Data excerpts
•••
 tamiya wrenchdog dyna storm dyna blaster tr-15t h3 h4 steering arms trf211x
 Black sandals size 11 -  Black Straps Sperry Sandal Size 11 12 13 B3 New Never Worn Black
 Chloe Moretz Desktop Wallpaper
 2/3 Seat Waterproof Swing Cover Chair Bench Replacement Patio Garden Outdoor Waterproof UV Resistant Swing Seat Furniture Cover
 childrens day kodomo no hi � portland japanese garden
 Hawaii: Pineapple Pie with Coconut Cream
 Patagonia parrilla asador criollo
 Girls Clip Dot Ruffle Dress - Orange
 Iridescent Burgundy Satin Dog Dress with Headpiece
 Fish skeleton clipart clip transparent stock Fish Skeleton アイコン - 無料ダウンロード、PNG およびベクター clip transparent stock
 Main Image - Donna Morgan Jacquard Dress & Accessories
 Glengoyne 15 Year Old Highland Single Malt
•••
# TASK INSTRUCTIONS:
Please write out all of the records above, character for character.

# ANSWER AREA:
 tamiya wrenchdog dyna storm dyna blaster tr-15t h3 h4 steering arms trf211x
 Black sandals size 11 -  Black Straps Sperry Sandal Size 11 12 13 B3 New Never Worn Black
 Chloe Moretz Desktop Wallpaper
 2/3 Seat Waterproof Swing Cover Chair Bench Replacement Patio Garden Outdoor Waterproof UV Resistant Swing Seat Furniture Cover
 childrens day kodomo no hi � portland japanese garden
 Hawaii: Pineapple Pie with Coconut Cream
 Patagonia parrilla asador criollo
 Girls Clip Dot Ruffle Dress - Orange
 Iridescent Burgundy Satin Dog Dress with Headpiece
 Fish skeleton clipart clip transparent stock Fish Skeleton アイコン - 無料ダウンロード、PNG およびベクター clip transparent stock
 Main Image - Donna Morgan Jacquard Dress & Accessories
 Glengoyne 15 Year Old Highland Single Malt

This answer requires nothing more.